Сходным образом, нам почти нечего сказать и об этическом учении друидов. Триада назиданий, дошедшая до нас в изложении Диогена Лаэртского: «Почитай богов, не делай зла, будь смелым», с тем же успехом может служить характеристикой индийской системы, и потому, возможно, ее нельзя считать подлинным друидическим изречением, хотя, вероятно, она достаточно точно передает их взгляды на принципы человеческого поведения; однако она изложена такими туманными словами, что ее перевод на греческий почти полностью лишил ее практического значения. Мы можем лишь отметить, что судебные функции друидов, о которых сообщает Цезарь, предполагают наличие четкого свода правил, провозглашающего неприкосновенность человеческой жизни, личной и общественной собственности. Смелость, как известно, воспитывалась с помощью учения о бессмертии души. По сути дела, эта система практически не находит отражения в ранних памятниках кельтской литературы, но это еще не причина для того, чтобы отказывать друидам в праве давать подобные простейшие моральные наставления, ибо, кроме всего прочего, судя по образу подобной этической системы, вырисовывающемуся в античных источниках, ее вряд ли можно называть шагом вперед по сравнению с этикой сообществ, находящихся на самой низкой ступени развития, и даже для судебной деятельности, в столь громких словах описанной Цезарем, можно подобрать параллели в жизни первобытных племен.

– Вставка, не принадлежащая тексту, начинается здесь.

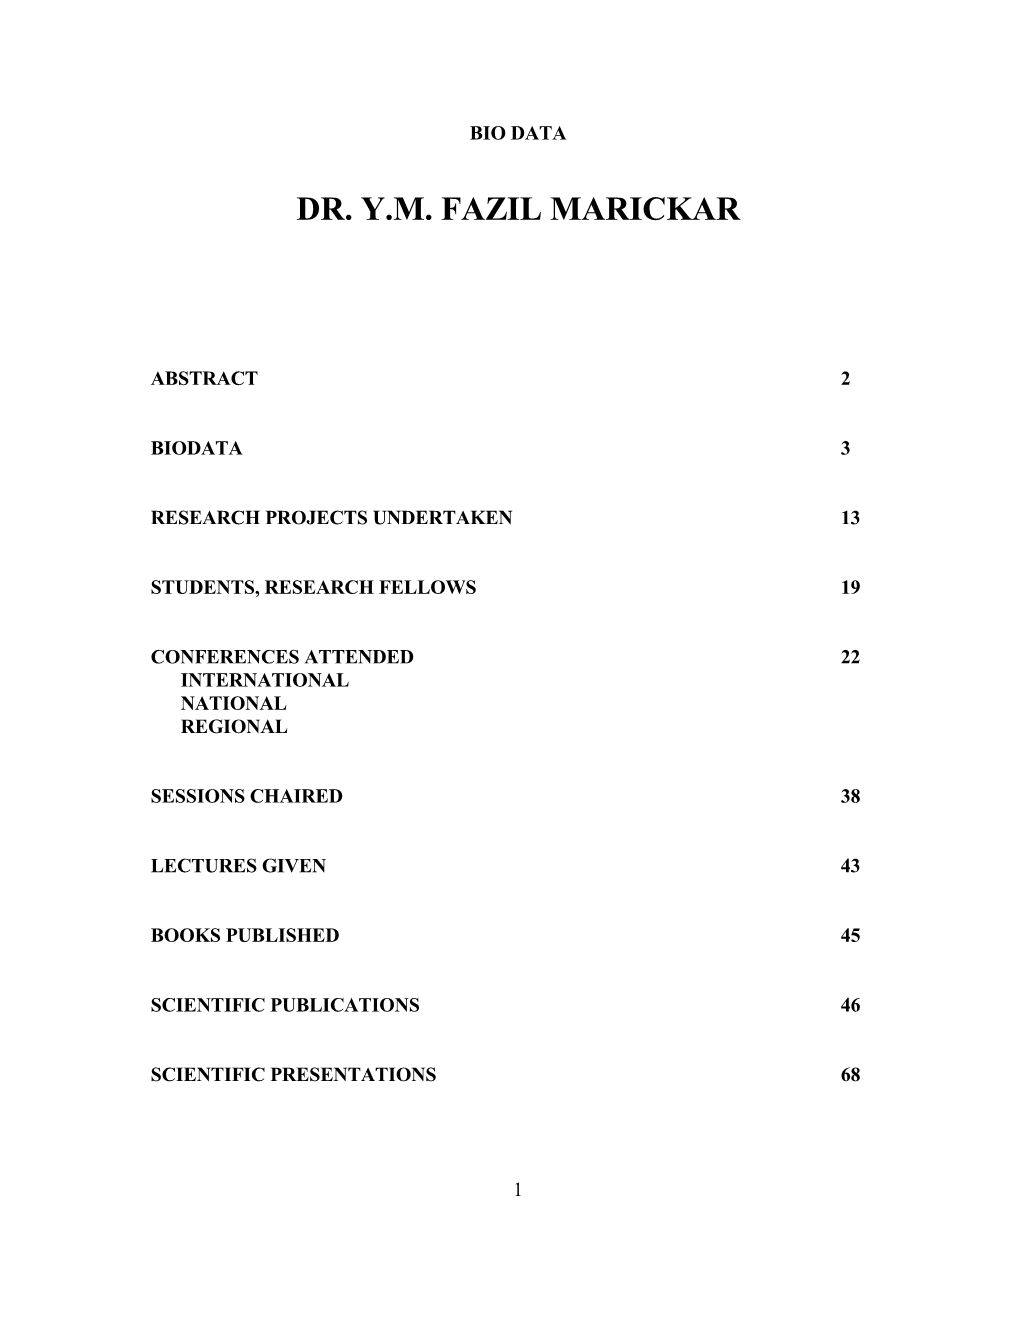 Dr. Y.M. Fazil Marickar
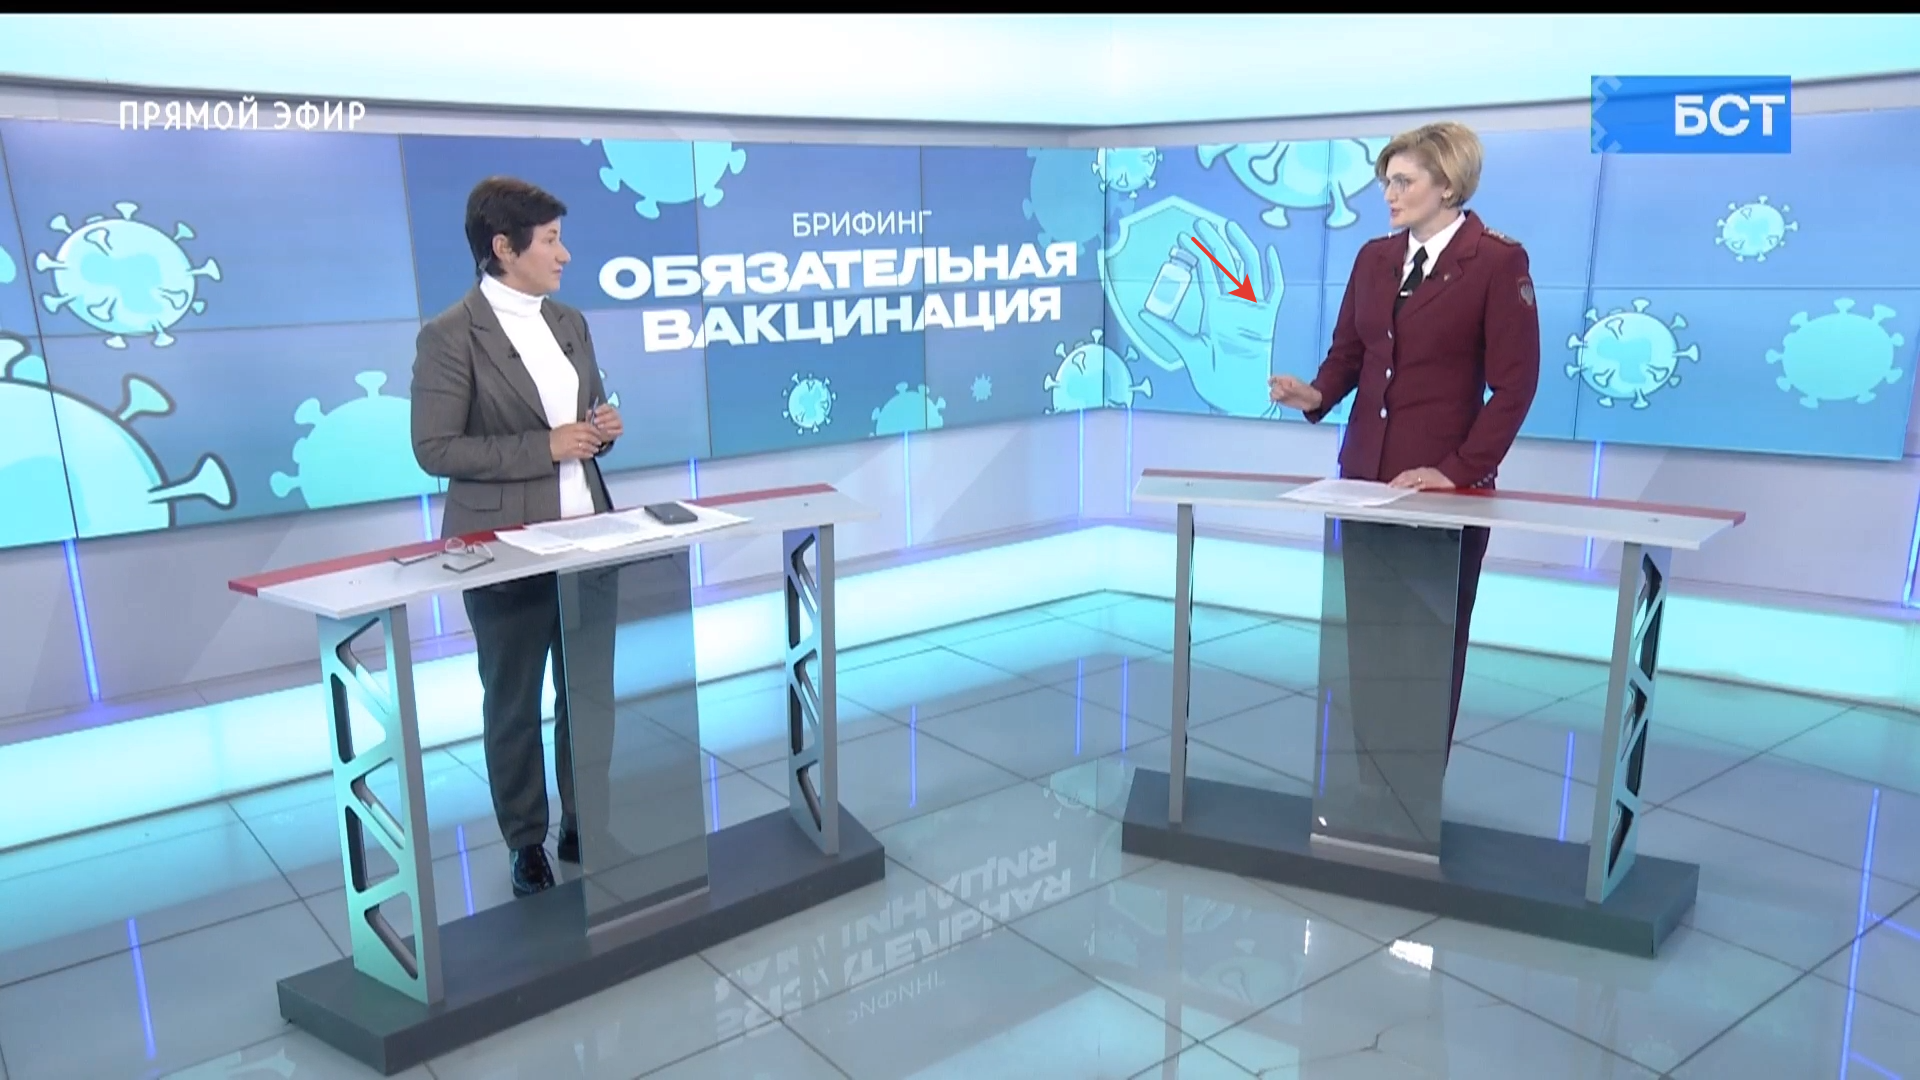 В Роспотребнадзоре Башкирии рассказали о введении обязательной вакцинации и ответили на вопросы жителей

В качестве философов друиды пользовались всеобщим уважением, как в античную эпоху, так и в наши дни, однако истинное содержание их учения вовсе не соответствовало их репутации. Их знаменитая астрономия и география, если судить по почти что презрительному пренебрежению, которое позднее кельты выказывали к этим наукам, представляли собой смесь астрологии и космогонической мифологии, присущую мировоззрению любого первобытного народа. Правда, при самом первом упоминании в литературе друиды предстают в облике философов, однако это сочинение было написано в те времена, когда модно было превозносить варваров как источник, к которому в конечном итоге восходит вся греческая ученость; вероятно, это означает всего лишь, что они были местными мудрецами и волшебниками; во всяком случае, ни один античный писатель так и не осмелился изложить друидическую философскую систему, а за пределами кельтского мира мы не найдем следов ее влияния. Что же касается поздних авторов, репутация уважаемых философов, которой они наделили друидов, несомненно, вытекала из неверного отождествления их веры с пифагорейством, и мы уже видели, как римляне, ближе познакомившись с друидами, перестали воспринимать их в этом качестве и сочли обычными колдунами; например, Плиний очевидно пришел к заключению, что их хваленые знания представляют собой не более чем сплетение невежественных суеверий.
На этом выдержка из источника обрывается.